Basically where I was going with this was to add my own experience, and to say that what people get out of religious observance can be more complicated than just social capital. I don’t think secular social organizations have to be at all “church-like” to provide community benefits. And correspondingly I think that the non-theological things people like about religion are not exactly summed up by “community.”
Also, I personally am in a weird position because lots of people (understandably) don’t share my tastes. I get why some people are enthusiastically anti-tribal; it isn’t me, at the moment, but I can see it and respect it. I also understand (though can’t actually imagine being this way myself) that most people dislike memorization and rituals performed just so. And it is weird but true in my experience that most folks (religious or not) can’t actually “get” any kind of sense that the Bible is literature of some value.
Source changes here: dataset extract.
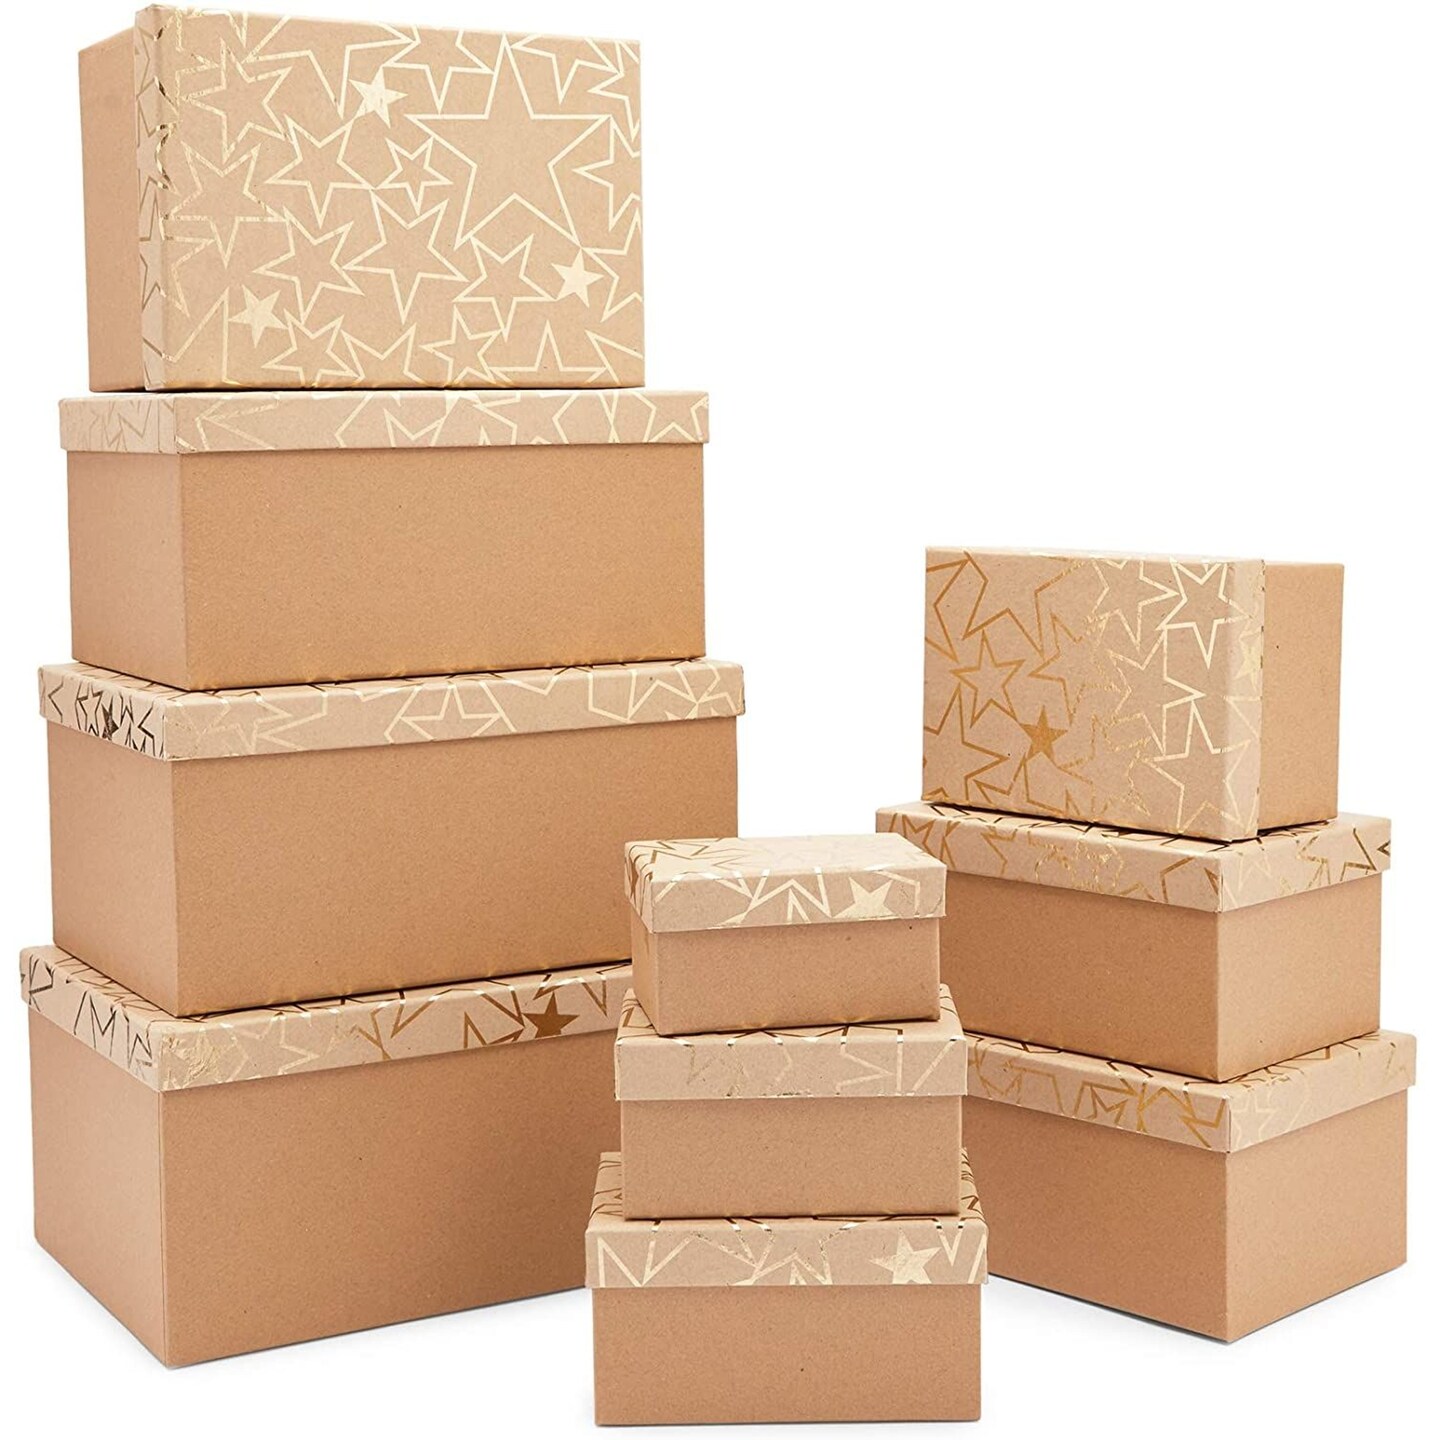 Set of 10 Nesting Gift Boxes with Lids, Cardboard Box with Silver Foil Star Designs (10 Sizes)
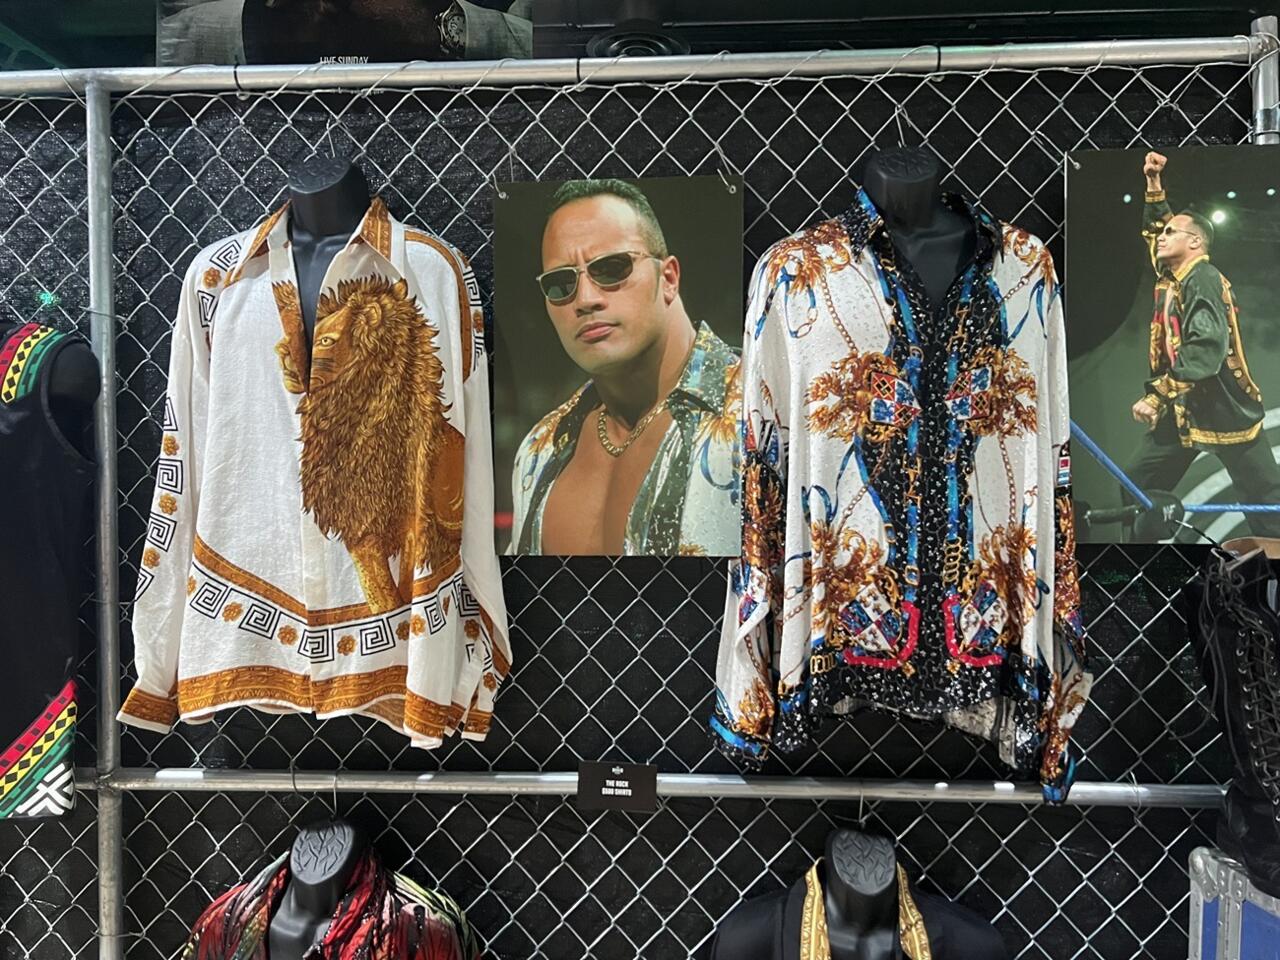 The Rock's $500 shirts

It’s an aesthetic response and when it doesn’t go through, it doesn’t go through.
Personally, I turned to the bible after becoming acquainted with several other strains of mythology, and with the intention of treating it in the same manner, but I found myself intensely disappointed by its literary qualities. There were plenty of other writing flaws, but I felt like the core of it was that monotheism simply doesn’t make for as good story dynamics.
Please remember that what you read is a hatchet job of translation. The original is poetry, and it was poorly translated. I find myself quoting from the bible much less in English, for that reason. (I think a lot of biblical quotations are often appropriate: e.g., when I’m frustrated with something obviously petty, I use the Jonah quotation of “Better I die than live”, because it’s got the exact self-awareness that I need)
When I read Bible verses in English, I often suffer almost physical pain at the awkwardness. At “Song of Solomon”, this increases to actual physical symptoms, after which I closed it and never tried SoS in English again...
I suggest that there never was any “original,” even in Hebrew. Rather, there were many contradictory oral, and later, written fragments, later amalgamated and integrated into a canon that no doubt continued to change even after it claimed to be unchangeable.
As I understand it, the King James Bible is a rotten translation (it’s admittedly a translation of a translation). However, at least according to The Story of English, it was composed “so that it would not only read better but sound better.” I suggest that, within the context of English-speaking culture, it was a success—and it has itself become canonical.
I might have found it more aesthetically pleasing in the original Hebrew, but I had more complaints about the content than the prose.